All of lore.kernel.org
 help / color / mirror / Atom feed
* RE: Proposal for Xen support of performance monitoringanddebug hardware
@ 2005-04-23  2:27 Santos, Jose Renato G (Jose Renato Santos)
  2005-04-25 15:17 ` William Cohen
  0 siblings, 1 reply; 3+ messages in thread
From: Santos, Jose Renato G (Jose Renato Santos) @ 2005-04-23  2:27 UTC (permalink / raw)
  To: William Cohen, Ian Pratt
  Cc: Turner, Yoshio, Aravind Menon, xen-devel, G John Janakiraman



  William,

  Please, see my comments embedded in the text below.

> -----Original Message-----
> From: xen-devel-bounces@lists.xensource.com 
> [mailto:xen-devel-bounces@lists.xensource.com] On Behalf Of 
> William Cohen
> Sent: Friday, April 22, 2005 2:03 PM
> To: Ian Pratt
> Cc: xen-devel@lists.xensource.com
> Subject: Re: [Xen-devel] Proposal for Xen support of 
> performance monitoringanddebug hardware
> 
> 
> Ian Pratt wrote:
> >  
> > 
> >>I have been working on a proposal to add Xen support for
> >>performance monitoring and debugging hardware. The goal of 
> >>this would be enable OProfile, perfmon, and perfctr to work 
> >>on Xen. The proposal is still pretty preliminary, but I would 
> >>like comments on the current version.
> > 
> > 
> > William, have you seen the patches from Jose Renato Santos 
> for multi 
> > VM oprofile support? We're planning on getting these 
> checked in to the 
> > xen repo, after a little reworking.
> > 
> > It's somewhat orthogonal to your msr protection scheme, but 
> you should 
> > be aware of it.
> 
> Rik van Riel pointed me at the Santos's patch for oprofile support. 
> There are some differences between the two approaches. The 
> Xen oprofile 
> support by HP pretty much just supports oprofile and was 
> designed to get 
> some information about what was going on in the Xen hypervisor. It 
> doesn't provide access to the other performance monitoring (or 
> debugging) hardware.
> 

  I agree. It would be useful to give domains low level
  access to the MSRs, for supporting a larger set of tools.

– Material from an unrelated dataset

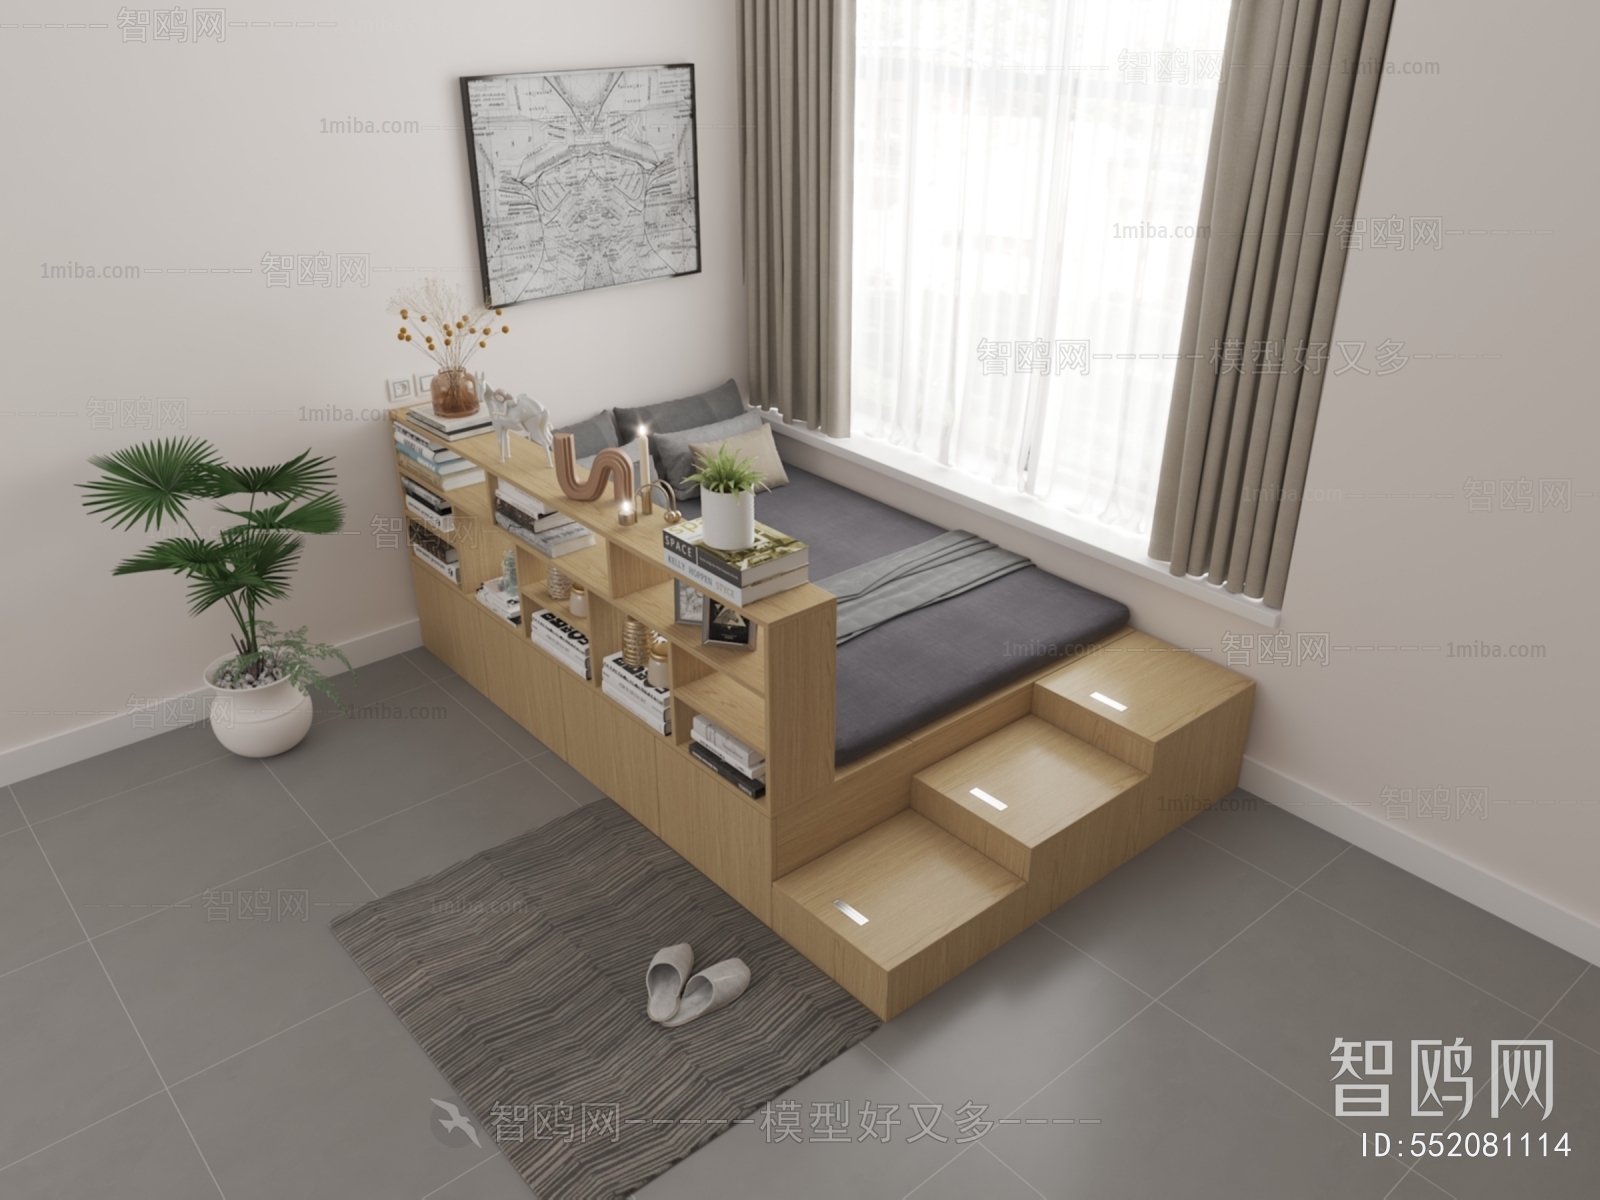 Modern Tatami Bed

> > I can certainly see some merit in having fine grained 
> access control 
> > over MSRs, though for the case of perf counter registers I wander 
> > whether we'd be better off with some higher-level interface?
> 
> I was aiming for minimal support low-level, trying to follow the 
> existing Xen approach of not coding too much knowledge about 
> the system 
> in Xen. Make the MSR registers visible and make sure that a guest OS 
> cannot clobber other guest OSs. The guests OS decide how to use the 
> performance monitoring hw.  The hypervisor needs a list of which 
> registers are in which class, but the hypervisor doesn't need to know 
> the details of what the registers do.
> 
> There is significant variations in the precise events and 
> contraints on 
> the combinations of events allowed in many of the performance 
> monitoring 
> systems. OProfile has files for each architecture to map 
> events to the 
> counter setup.  There are a lot of variations in the events 
> available on 
> a processor; OProfile doesn't hide those differences. The 
> University of 
> Tennessee knoxville PAPI has abstraction to hide some of these 
> differences with generic events, e.g. cache miss event.  
> ppc64 (aix) and 
> ia64 (perfmon) have libraries to do the complicated 
> constraints testing 
> to determine whether events can be done at the same time. 
> However, these 
> mapping operations are handled in user-space, not in the kernel.
> 
> I am not sure that that should be pushed into the hypervisor. 
> I suspect 
> that someone will complain that the high-level interface 
> doesn't handle 
> some particular instrumentation mode of the performance monitoring 
> hardware. Adding it to Xen will require rebuilding xen and 
> the guest OS 
> and rebooting the entire machime. The low-level interface makes the 
> guest OS responsible and only it would need to be recompiled, 
> and only 
> rebuild and reboot the guest OS.
> 

  I agree with your point. Providing low level access to MSR
  seems the right approach, if you want to provide support
  for other tools besides OProfile. I also agree that 
  it would be too complex to provide a high level abstraction
  of performance events across different architectures in the 
  hypervisor.

> > What other msr's do you anticipate your scheme being used 
> to provide 
> > restricted access to for selected VMs?
> 
> The sampling used by OProfile would naturally be something 
> high on the 
> list of things to use. It would also be nice to be able to do the 
> stopwatch counting provided by perfctr and perfmon.
> 
> The PPC64, IA64 and Pentium 4 they have precise event 
> sampling. I would 
> like to be able access those through the hypervisor.
> 
> -Will
> 

  I agree with Ian comments in his reply to this same email.
  While Xenoprof is useful for providing system wide profiling, I can
  see it would be usefull to have virtualization of MSR's and enable
  domains to have individual hardware performance monitoring
capabilities.
  We were also thinking on these lines and planning to
  extend xenoprof to have MSR virtualization.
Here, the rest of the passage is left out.